Personal relationships are important and do not instantly form on their own.  Social dialog is tricky because lots of good dialog depends on your ability to know your target group and their language.  Using like wording to convey the core resolutions and verbal queues of how you access something is in a fault state, is pretty huge.  Especially if you are doing after-hours support with a team and want to briefly say:
“Hey.  That site was sideways broken with this bullshit going on here.  I did some stuff to mitigate the issue for now, but I have these logs and copies of bad transactions that something we made did not account for.  We can jam that out in the morning, but TL;DR fault condition happened, is working now but here are some details we should look into to avoid this later on”.

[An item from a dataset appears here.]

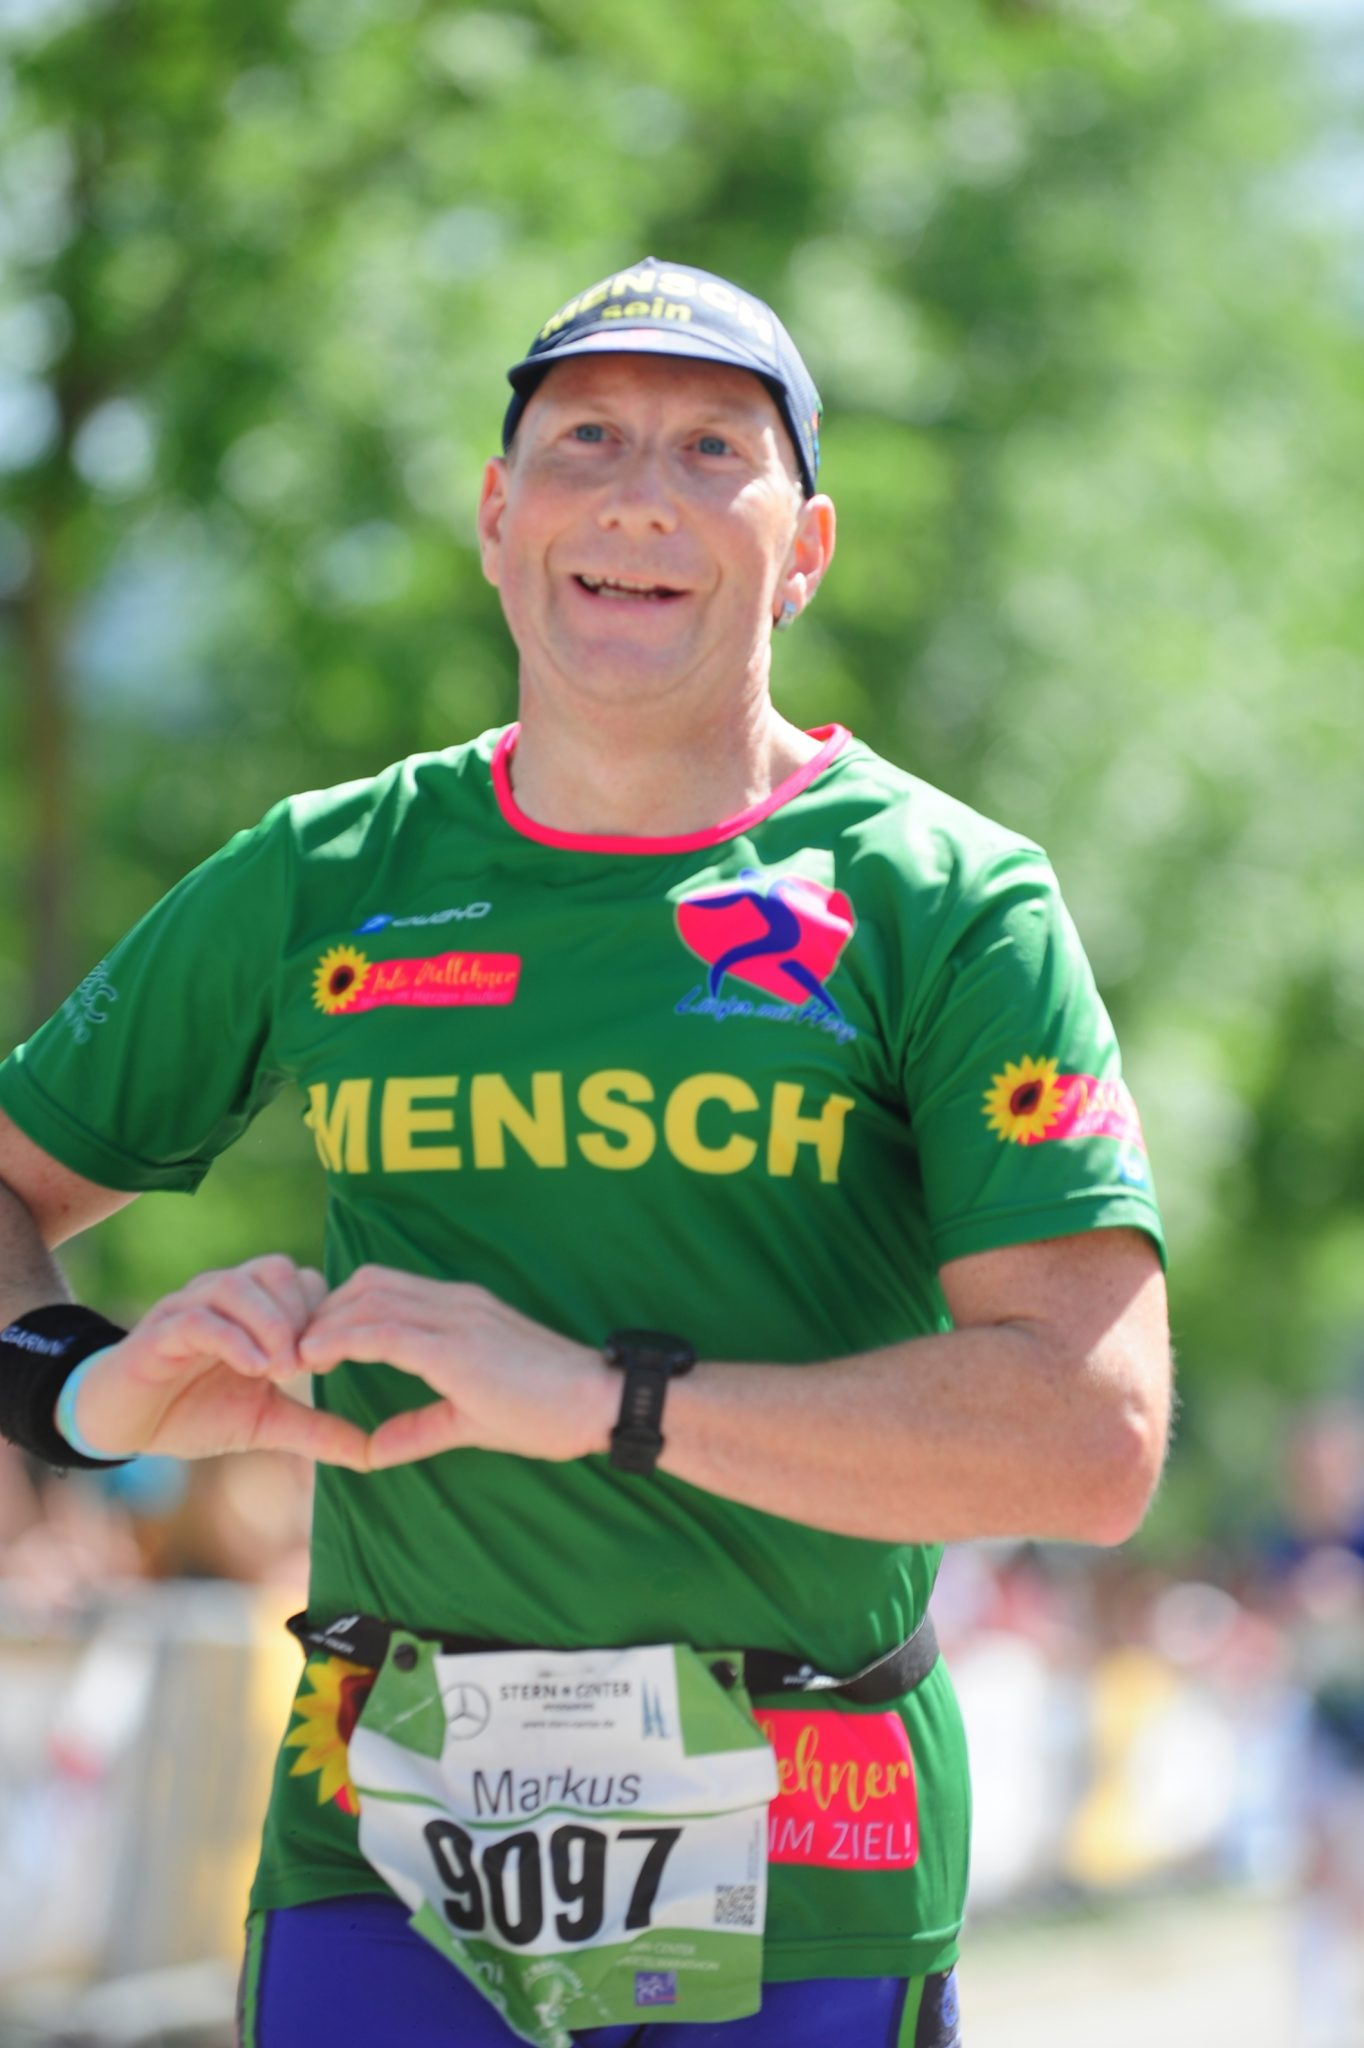 Markus Rajzer - Regensburg Marathon 2019
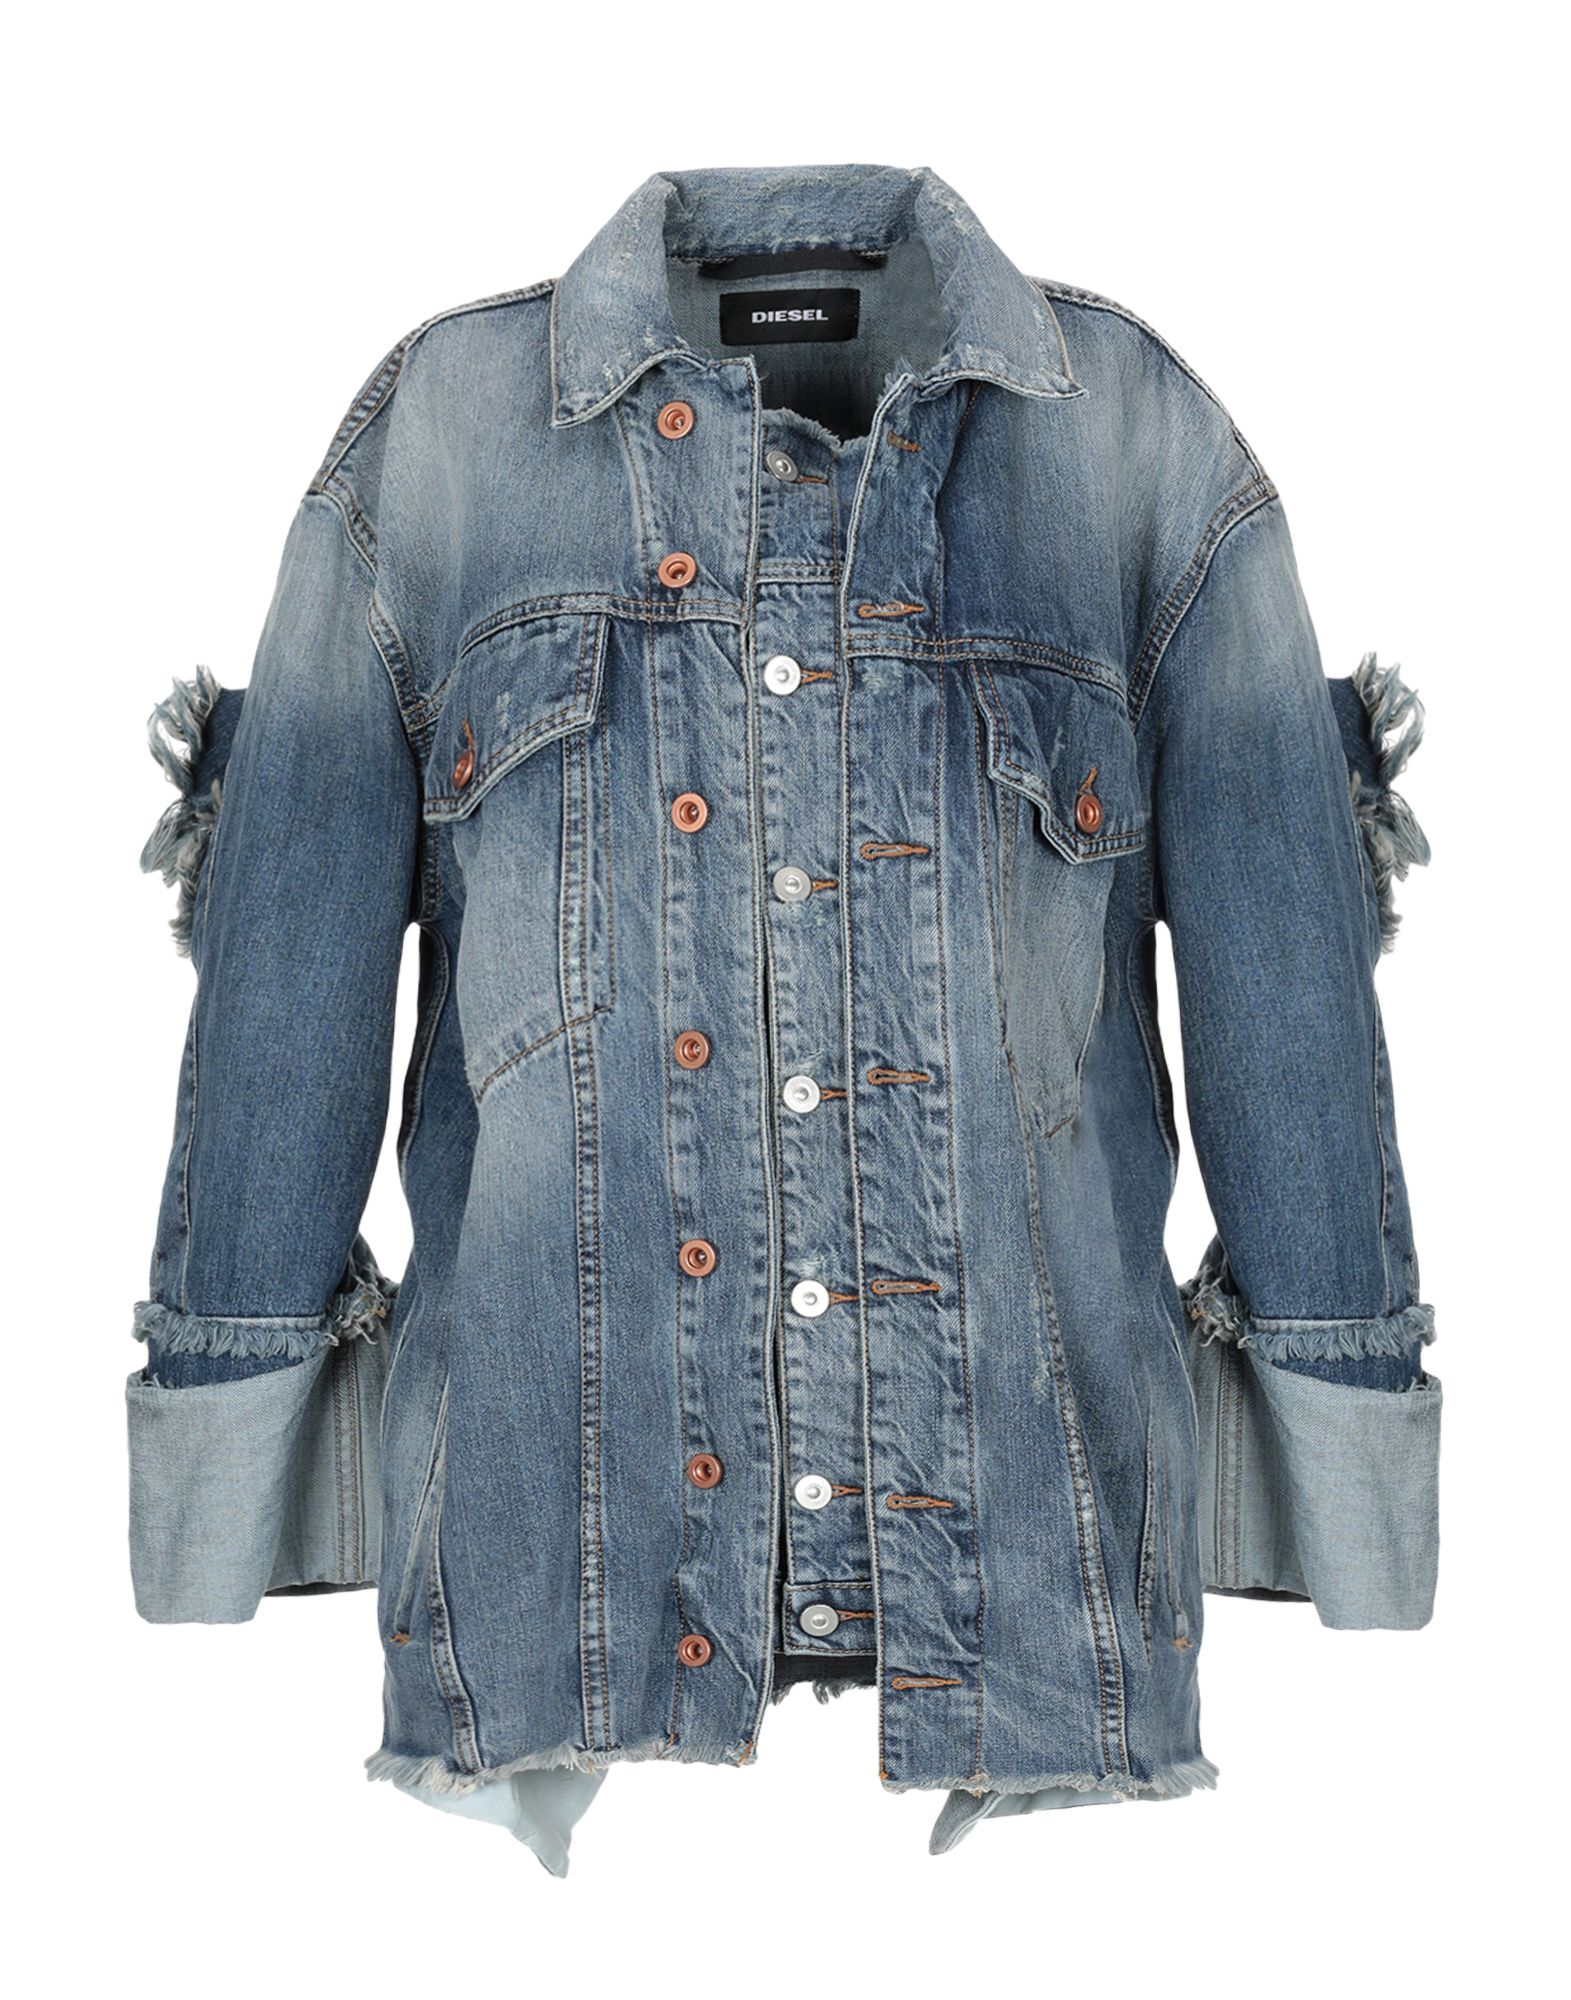 цена на DIESEL Джинсовая верхняя одежда

If this post serves any purpose, I hope it is to invite more people into conversations and bring more inclusion.  Especially when people are stressed out, trying to meet more people, on the blind introductions, can be really exhausting.  This comes from someone who had people who I came to consider friends and family from old workplace teams to say something like:
“I had no idea what the hell you were saying at first, but shortly after I got your reference points and enjoyed the way you worded concepts and processes.”
As most of my friends also say, “I learned Pico-nese”.  My dialog tends to adapt words based on who I am around and by reading facial responses of people I talk to, for that sense of “Am I verbally making sense or just talking out loud without the middle-logic being spoken, that I consider a constant known in my head”.

I will end my inflection rant there.  This post is more an observation on social interactions and less of my phishing for interviews.  Some people like tests and bars of entry, others like conversations and a progression flow of personal and technical dialog.  Rating score systems also can be viewed as completely asinine to some people (namely, me) because a 1 to 10 point scale does not really factor into the HUGE gap between perceived “Pro” to “Expert” tier ratings.  Same for novice ratings, really.  If doing something very difficult, successfully, but fairly unoften, likely may not gauge on your personal proficiencies, due to not being able to readily recall the process or entire scope of effect.  90% knowledge is great, but that final 10% is massively higher a gap that the basis of information needed, to hit that end-point 100% comfort gap.  Kind of like leveling a character in an MMO.

Someday I should contemplate the notion of hiring an editor for speaking with people by text, but that feels really cheap.  I would vastly be happier saying something that was viewed as wrong, than to be silent then be stricken by the very issue I tried to verbalize.  Lucky for that, this is why drawing, whiteboards, analogies, dank memes, test environments and other visual aids exist.

To condense this sea of opinions and observations: It is difficult to give merit to perceptions different than your own.  Even on a latent level, I feel the interview and particularly tech scene, has unspoken escape clauses that shoehorn persons into being dismissed.  I could ramble on for days on how that seems to be more of a global societal fault too.  If you find yourself glued to a trigger word, try to pause and ask for elaboration on the context.  Once again, scratching at the internal thought process, and perceived constants that you (or who you are talking to) may not have qualified enough.

Writing technical documentation is one thing, then there is trying to illustrate a mood or opinion.  I’m here to widen the conversation.  Especially since some of the most inspiring and ingenious people I know, tend to have no such opinion of themselves.  I’m here to learn and try to get some laughs and grins added into the process.
Otherwise, it can just feel like watching the clock tick.